Twenty M6A1s were made including several float-less trainers called the Nanzan (Southern Mountain) with retracting landing gear. Gun armament for all was a single 12.7 mm in the rear cockpit for defense.

The ever-changing course of the war saw the I-400 class boats attack plans change with it. No Panama Canal or San Francisco forays were attempted. The Ulithi Harbor at Truk Island was earmarked in an operation with I-401 plus I-13 and I-14 carrying their swift Nakajima C6N1 Saiun (Myrt) long range reconnaissance aircraft. The Myrts would recon the harbor and report to I-400 and I-401. Not having floats we must surmise that they were to be ditched. 

The attack was set for August 17th under a full moon. The Seirans were to each carry bombs for the attack then return and land near their submarines. After the attack, all four I-boats were to proceed to Singapore for fuel and take on new planes for the attack. Ten Seirans were to be stationed there prior to the attack on Ulithi. Their markings were to be changed to American ones to aid in their camouflage for a surprise factor.
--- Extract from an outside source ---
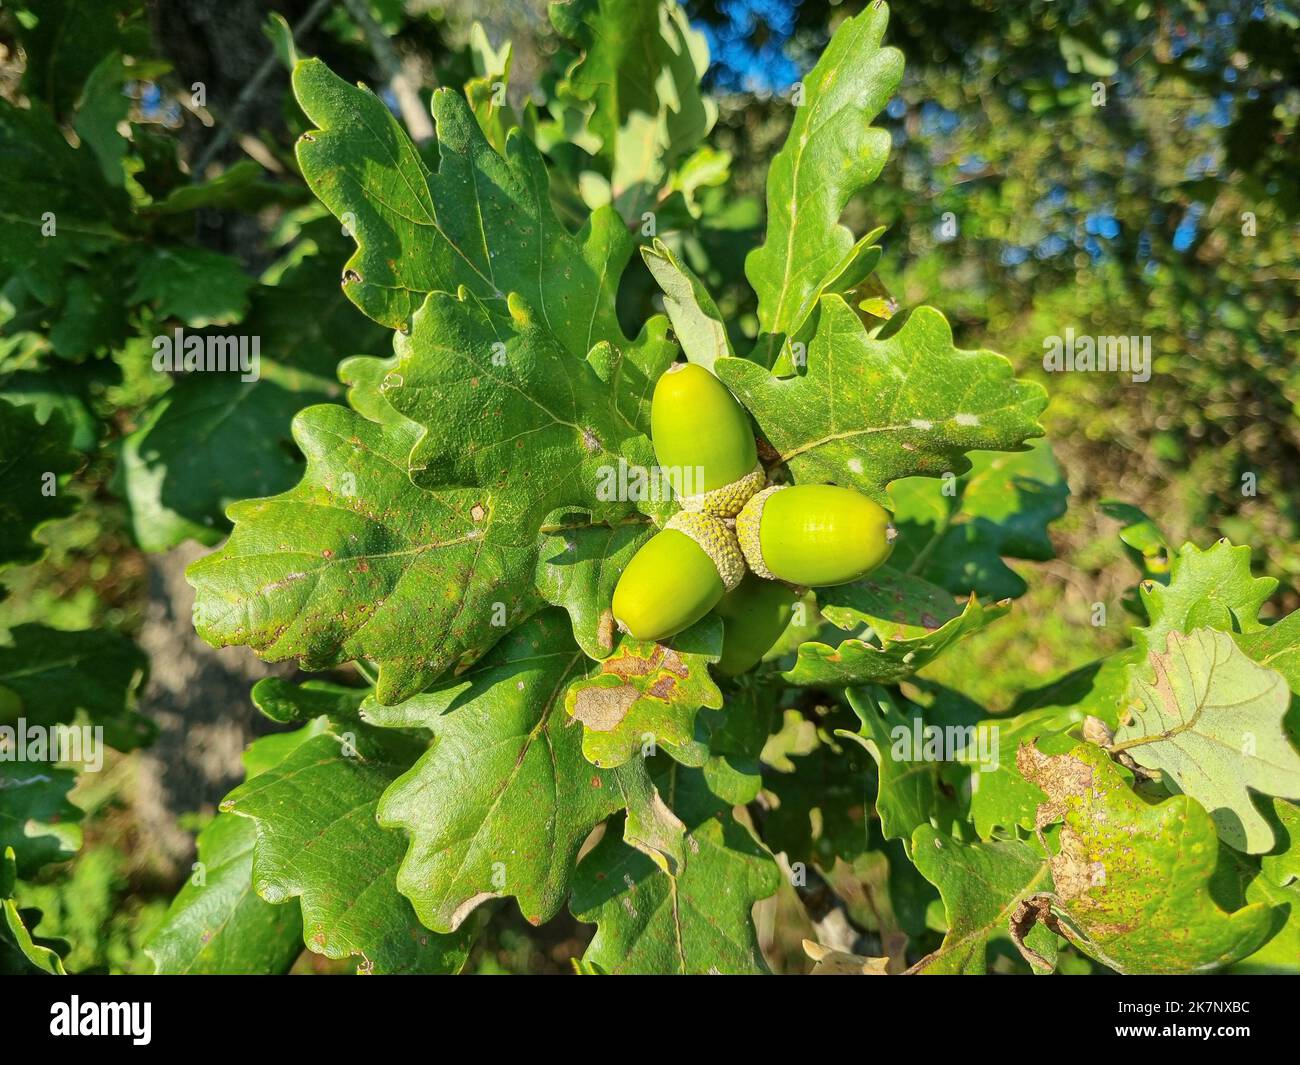 Close up view of Acorns fruits on oak tree branch in forest autumnal ecosystem Stock Photo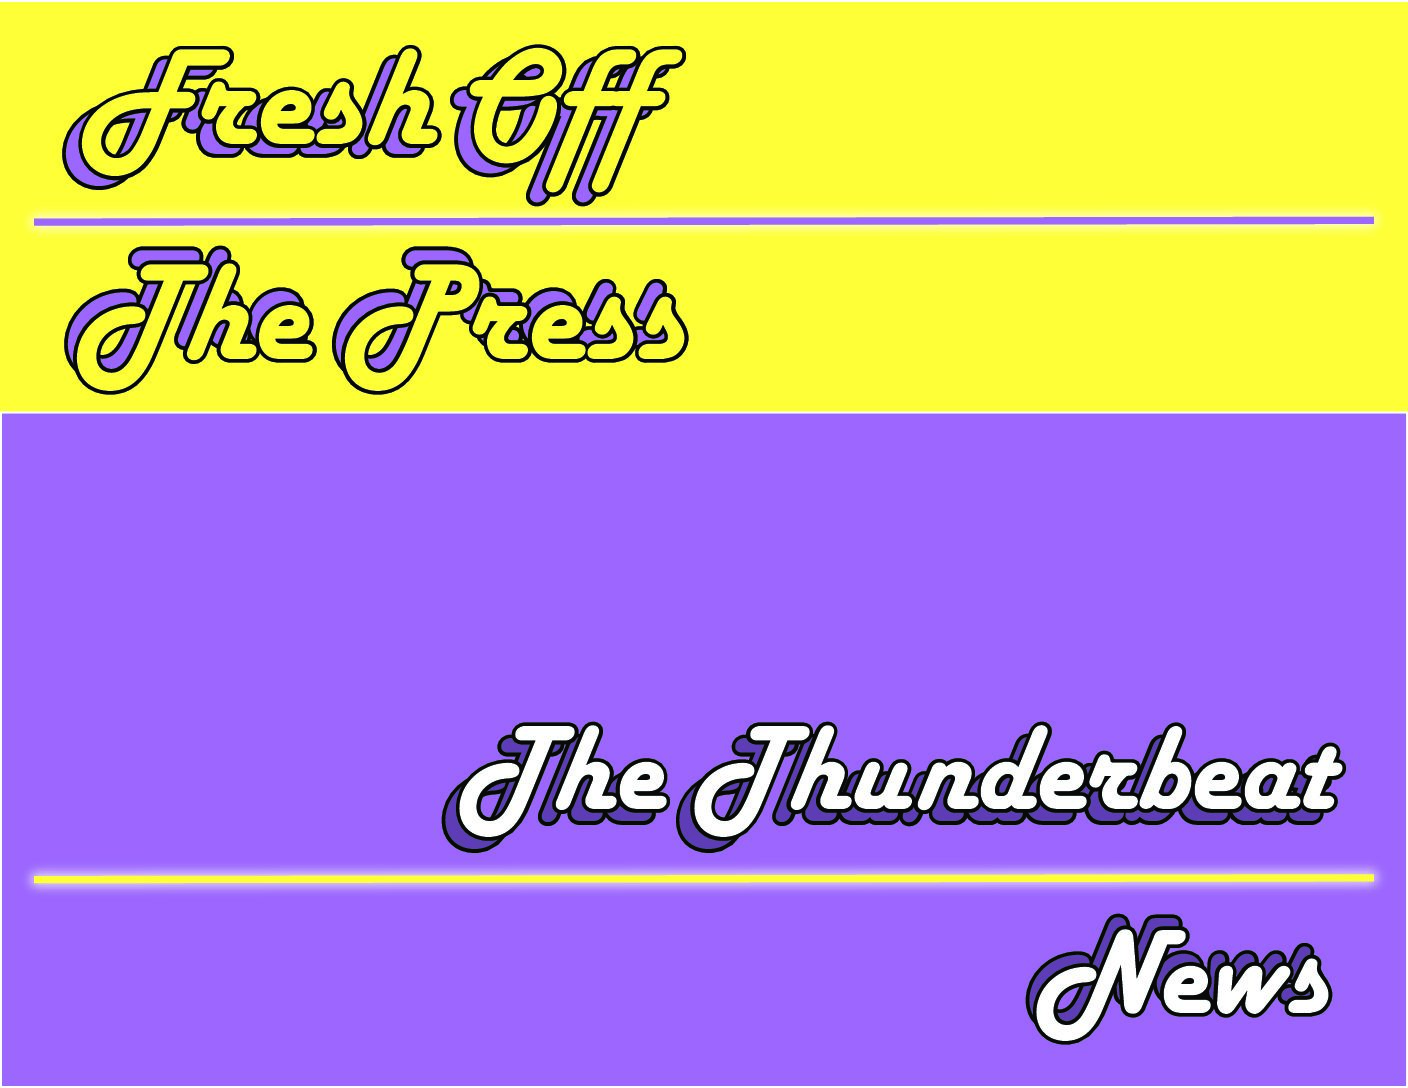 Weekly news presented by The Thunderbeat with Shane Daughtrey

Before the operation played out the war was over and the big boats were surrendered to the Americans. All three completed Sen-Tokus survived the war. They were later evaluated then sunk in target practice in mid 1946. They were unique to history. No other WW II nation had any sub with an aircraft aboard.


----------



## DerAdlerIstGelandet (Jul 29, 2006)

Intersting thanks for the info.


----------